Blogpost
Synthetic medical images can effectively fill voids in training datasets, addressing critical challenges in medical imaging AI
Data scarcity has long been a significant barrier to the development of robust AI models for medical imaging. Many medical conditions, particularly pathology outliers, have limited representation in available datasets, making it challenging to train AI models that perform well across diverse cases. Accessing high-quality, annotated medical imaging data is both time-consuming and expensive, further compounding the issue. As a result, AI systems may struggle to generalize effectively, particularly when detecting or segmenting edge cases or when applied to underrepresented demographic groups.
To address these challenges, our studies focused on filling voids in training data by generating synthetic medical images. Using advanced generative models, we created synthetic datasets to address two critical gaps: (1) underrepresented cohorts and (2) true positive cases. This approach enabled us to enhance data diversity and balance, ultimately improving the performance and robustness of AI models. This whitepaper summarizes our findings and translates them into actionable insights for AI developers.

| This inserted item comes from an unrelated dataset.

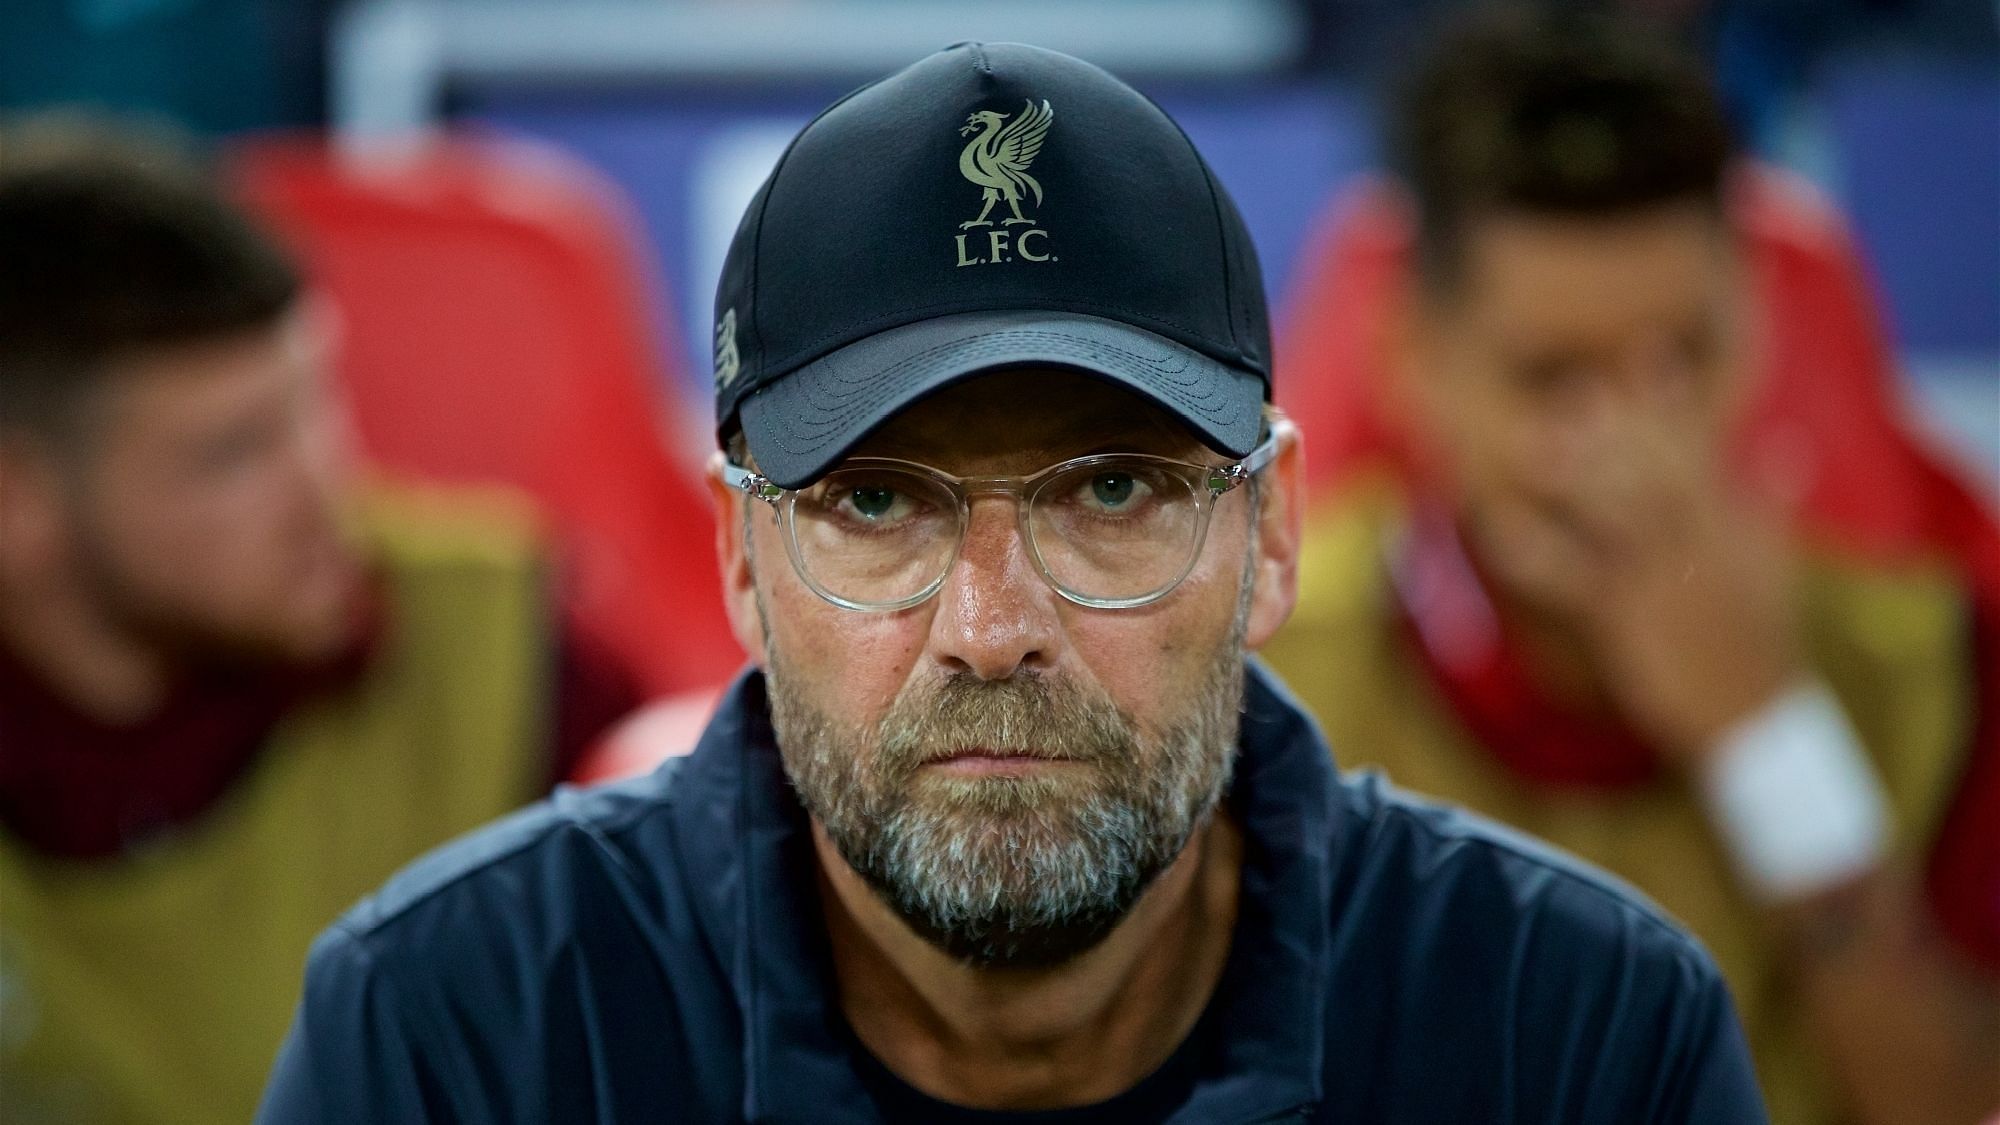 Liverpool coach Jurgen Klopp leads the voices among the football community to speak out against the proposed Super League.

Supplementing Training Data with Challenging Cohorts
Our first study, “Evaluating the Utility of Memory-Efficient Medical Image Generation: A Study on Lung Nodule Segmentation”, explores the potential of synthetic data to address the lack of diversity in lung nodule segmentation datasets. Outlier pathologies, such as pleural nodules, present a significant challenge for nodule detection models due to their scarcity in existing datasets. As a result, these models are often inadequately trained to detect such cases. This study focuses on overcoming this limitation by synthetically oversampling these outlier pathologies and evaluating the impact of this approach on the performance of nodule detection models.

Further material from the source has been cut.